A large fraction of the cost of coal and ores is due to the need
to transport the valuable product, as well as waste rock, from the
deep underground or open pit mine site.
In open pit mines, giant trucks costing up to a million dollars
each, carry ore from the bottom of the pit to its rim and beyond,
where it is locally processed or shipped by rail to a distant plant.
The trucks have to slowly wind their way up the spiral haulage road
on the wall of the pit.
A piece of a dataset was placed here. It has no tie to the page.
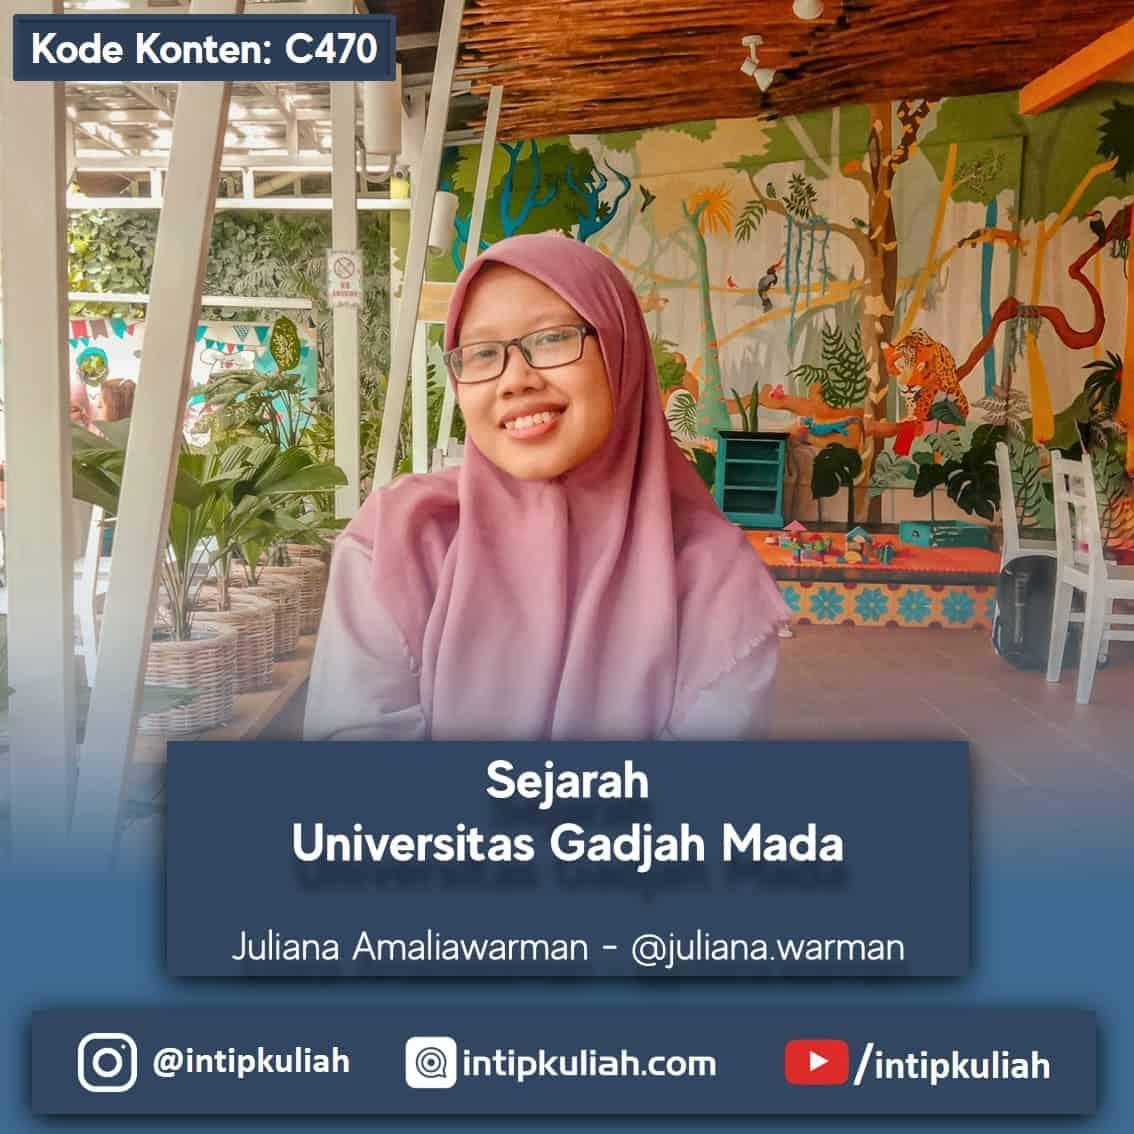 Sejarah Universitas Gadjah Mada (Juliana)
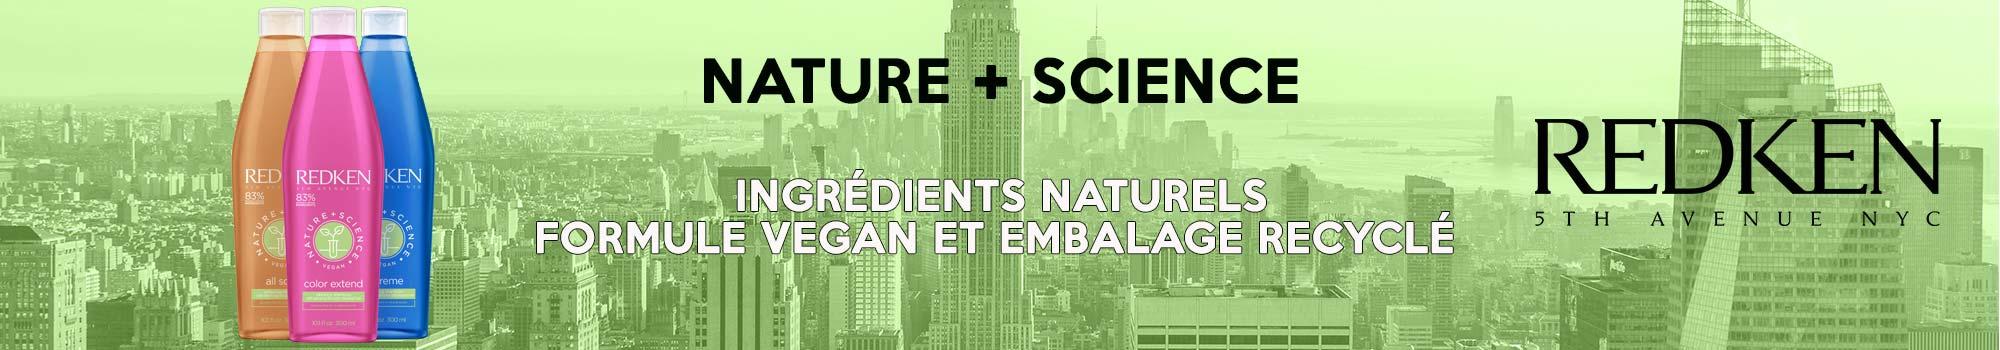 Redken Nature + Science

A direct maglev line up the sidewall of
the pit would move the ore much more rapidly, and at much lower
cost.
In
underground mines an extensive and very expensive shaft and tunnel
system is required to transport ore and waste rock to the surface.
Mine cars, or conveyer belts, move the ore and rock horizontally
from the working face through long tunnels to the shaft, or shafts,
where it is vertically lifted for thousands of feet to the surface.
Typically, the volume of waste rock which must be extracted in order
to construct the vast network of tunnels and shafts, is much greater
than the volume of actual ore.
Using
a maglev M-2000 mining system, the valuable ore could be lifted
along angled shafts that followed the actual ore veins, instead
of through the network of horizontal tunnels and vertical shafts.
This would greatly reduce the volume of waste rock to be excavated,
and consequently the cost of the product ore. In addition, the maglev
mining system would greatly reduce the number of engine powered
underground ore carriers, reducing both the operating cost and the
pollution of the miner's air supply.